Data analytics has been playing a key role in the decision making process at various stages of the business in many industries. In this era of Big Data, the adoption level is going to ONLY increase day by day. It is really overwhelming to see all the Big Data technologies that are popping up every week to cater to various stages of the Big Data Solution implementations. With data being generated at a very fast pace at various sources (applications that automate the business processes), implementing solutions for use cases like “real time data ingestion from various sources”, “processing the data at different levels of the data ingestion” and “preparing the final data for analysis” become challenging. Especially, orchestrating, scheduling, managing and monitoring the pipelines is a very critical task for the Data platform to be stable and reliable.
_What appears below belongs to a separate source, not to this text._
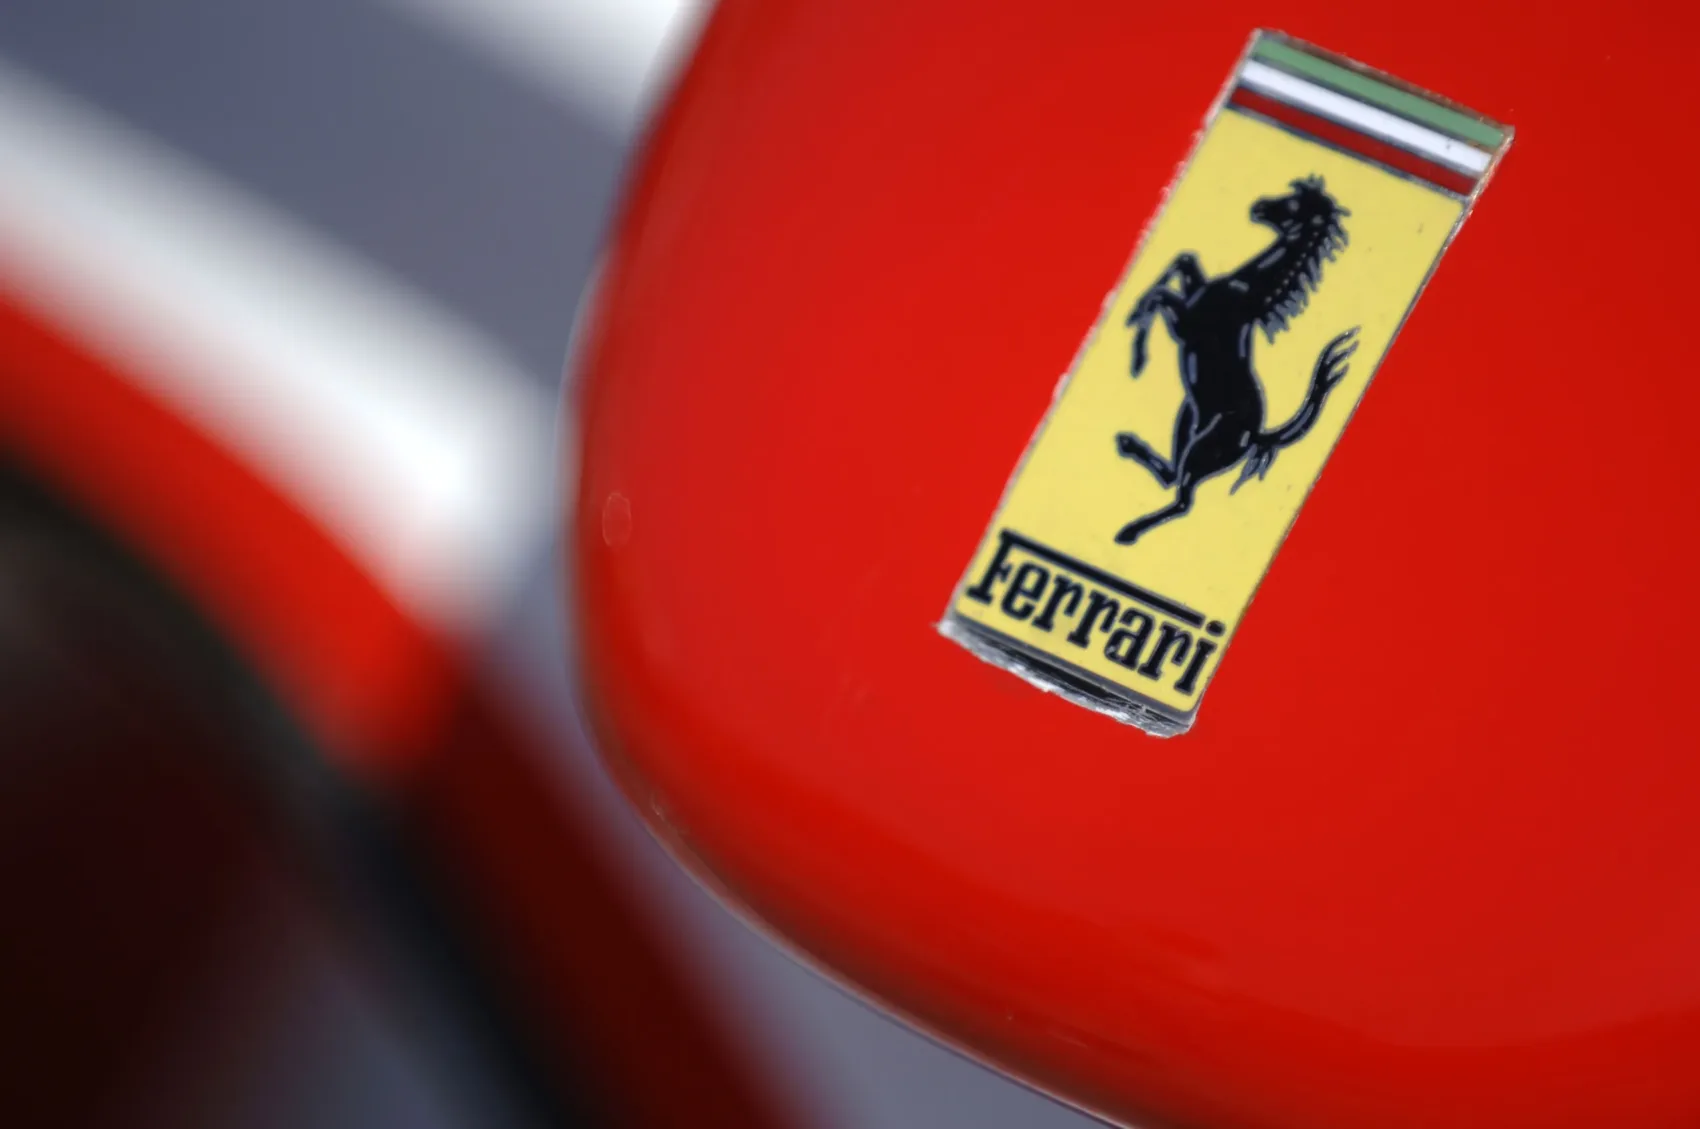 A Ferrari elektromos autója új szintre emelkedik: indulás a világbajnokságon

Also, due to the dynamic nature of the data sources, data inflow rate, data schema, processing needs, etc, the work flow management (pipeline generation/maintenance/monitoring) becomes even more challenging.

This is a three part series of which “Overview along with few architectural details of Airflow” was covered as part of the first part. The second part covered the Deployment options for Airflow in Production. This part (the last of the series) will cover the installation steps (with commands) for Airflow.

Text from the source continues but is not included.